NEW YORK, Sept 18 (Reuters) - Cotton closed up on Tuesday,
bucking the broad downward trend in commodities, as speculators
bought the fiber which had not rallied as much as other raw
materials in recent months ahead of U.S. economic stimulus
measures from the Federal Reserve.
Cotton futures in New York rebounded as prices of oil and
most other commodities fell sharply for a second day as
investors reevaluated potential market impact from an enlarged
bond-buying pledge from the U.S. Federal Reserve.
U.S. cotton's most-active futures contract, December,
settled up nearly 1 percent at 76.02 cents per lb, after moving
between 75.07 and 76.45 cents.
Trading was lighter than usual, with Thomson Reuters data
showing volume in New York futures down about 18 percent versus
the 30-day average.
December cotton fell 0.8 percent in Monday's session -- a
milder drop than the near 3 percent slump in crude oil.
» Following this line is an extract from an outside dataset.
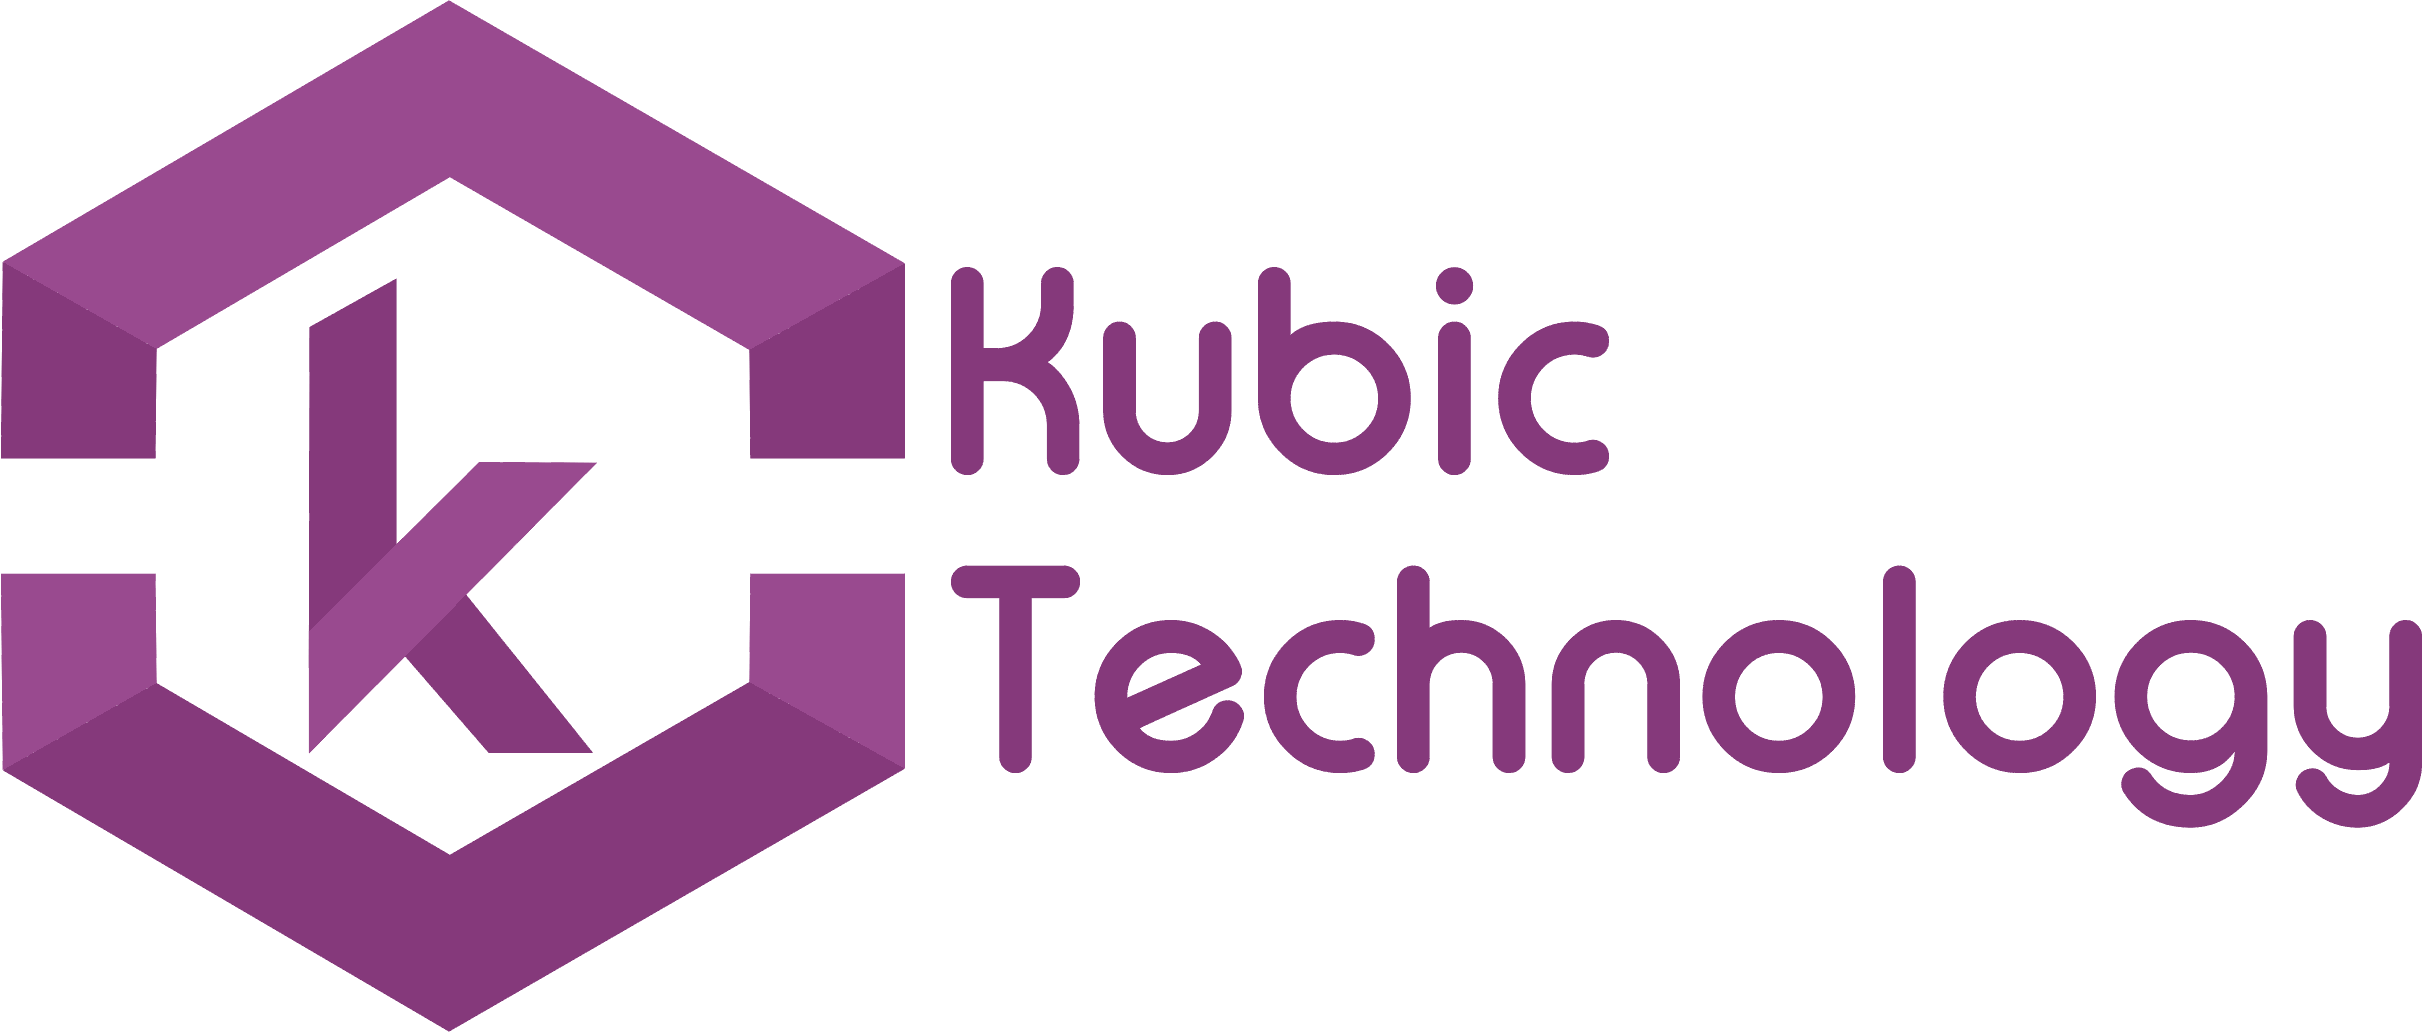 Kubic Technology Logo

In the previous two sessions, it gained 3.5 percent in
total, reacting to positive U.S. export sales data and the Fed's
announcement of the enlarged stimulus, which had boosted all
commodities.
Though Tuesday's rebound was largely unexpected, some cotton
traders said it was not entirely surprising, given the market's
restrained performance in recent months versus other key
commodities.
Oil's benchmark Brent crude in London gained nearly
17 percent for July and August combined, versus the about 8
percent in U.S. cotton.
"Cotton's not really paying much attention now to what's
happening in the outside markets," said Sharon Johnson, a cotton
specialist at Knight Futures in Atlanta, Georgia.
"I think we will bounce back and forth in this current price
range until some clearer news emerges."
Fundamentally, the outlook for cotton has not changed much,
with long-term concerns about waning demand and a record surplus
in supply keeping prices under 80 cents per lb since May.
Last week, the U.S. Department of Agriculture increased its
estimate for the global cotton surplus to an all-time high of
76.5 million 480-pound bales due in part to a drop in
consumption and imports by China.
The new forecast boosted by nearly 2 million bales last
month's estimate -- already the highest since USDA records began
in 1960. A large carryover from last season was also a factor.